### What is expected
Within the entries below, find the portion that opens with the line containing "Dr. Zhaohui Aleck Wang" and closes with the line containing "Two chairs model". Retype that portion exactly and only.

### Extracted data
▼

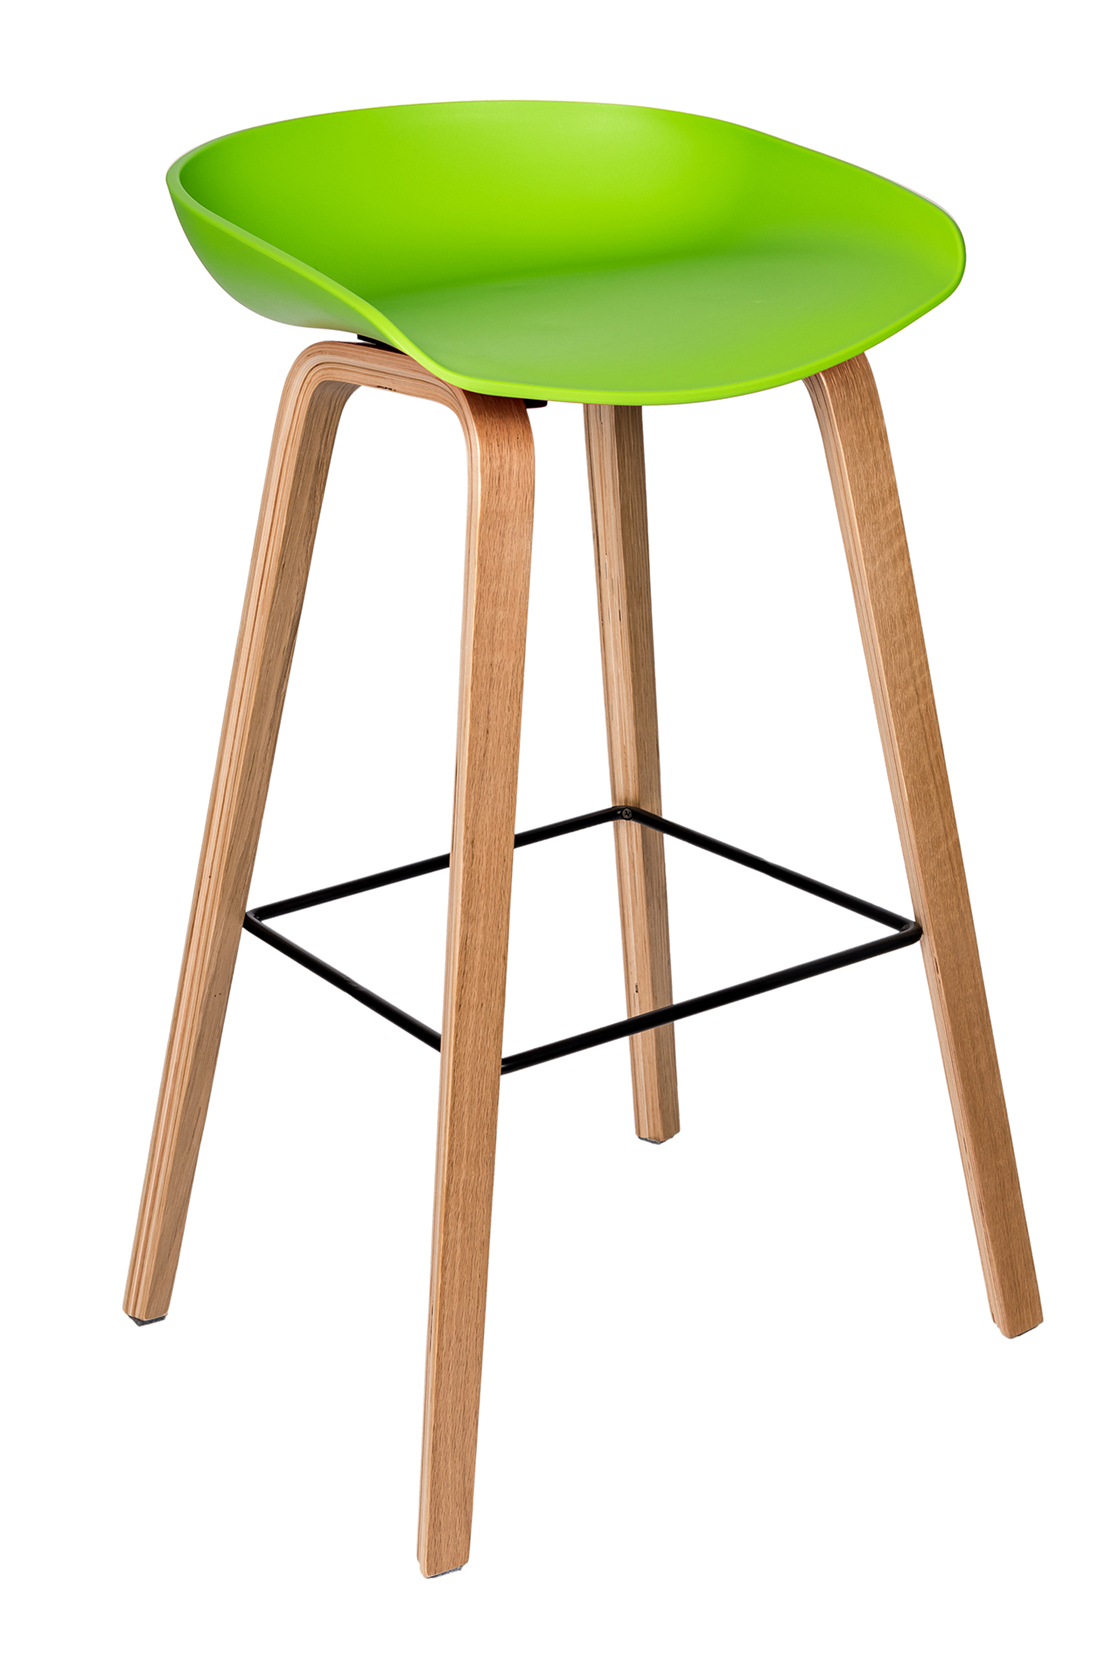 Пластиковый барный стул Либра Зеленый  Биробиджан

▲
▼

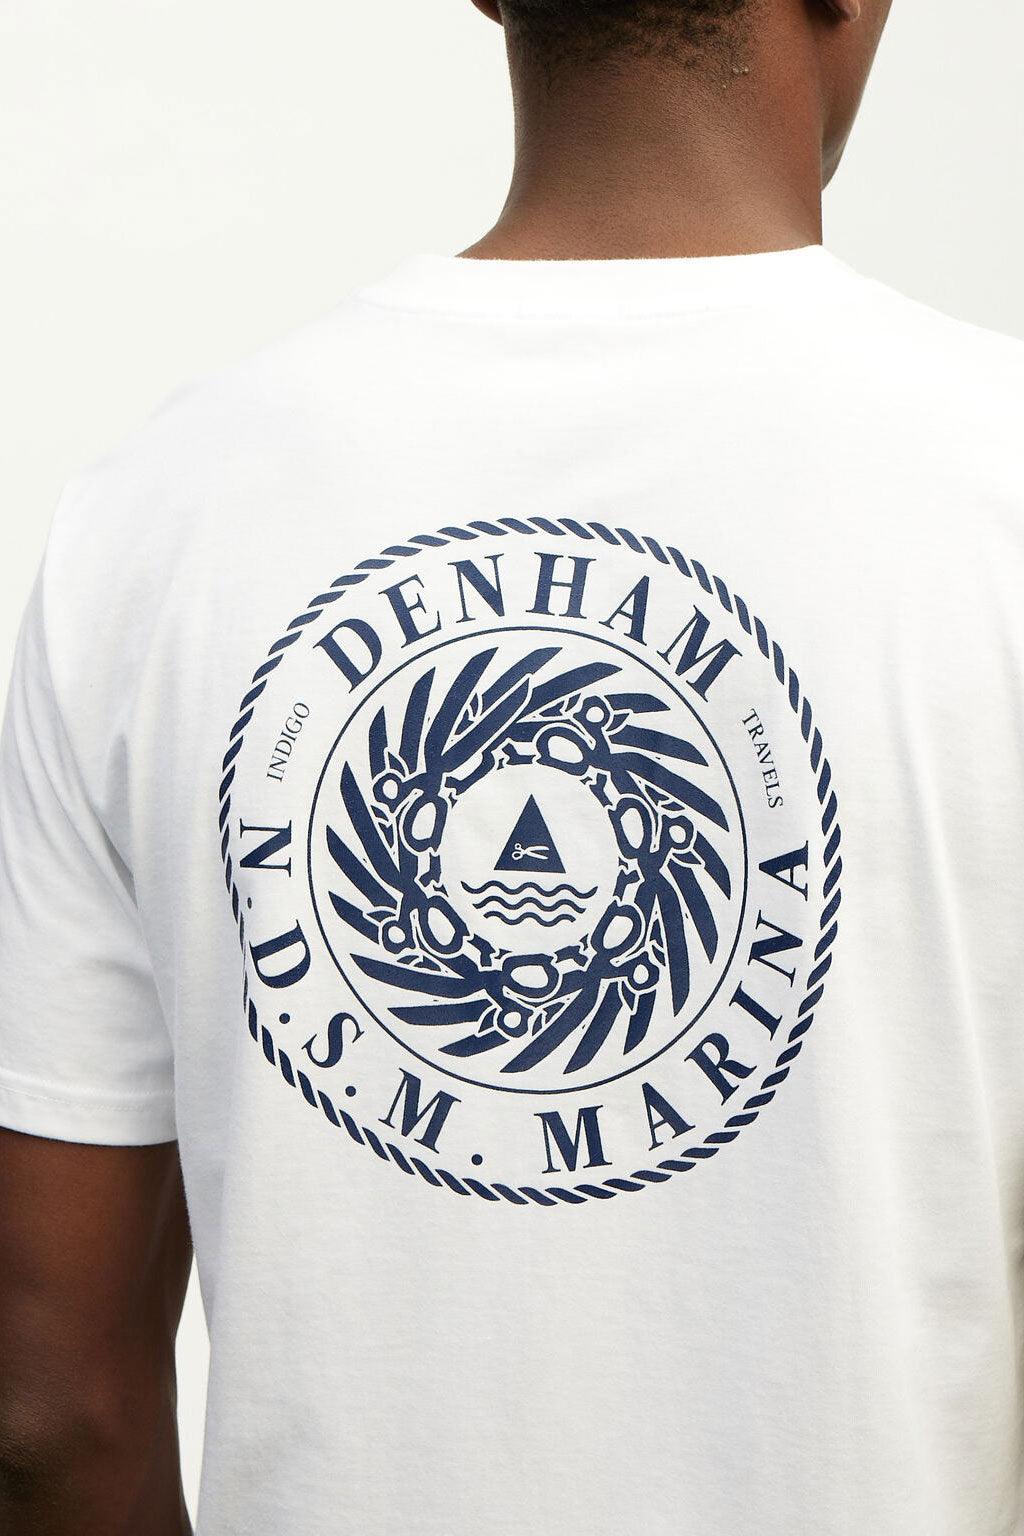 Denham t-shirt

▲
▼

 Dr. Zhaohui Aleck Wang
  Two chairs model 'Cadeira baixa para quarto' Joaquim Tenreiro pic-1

▲

### Task answer
 Dr. Zhaohui Aleck Wang
  Two chairs model 'Cadeira baixa para quarto' Joaquim Tenreiro pic-1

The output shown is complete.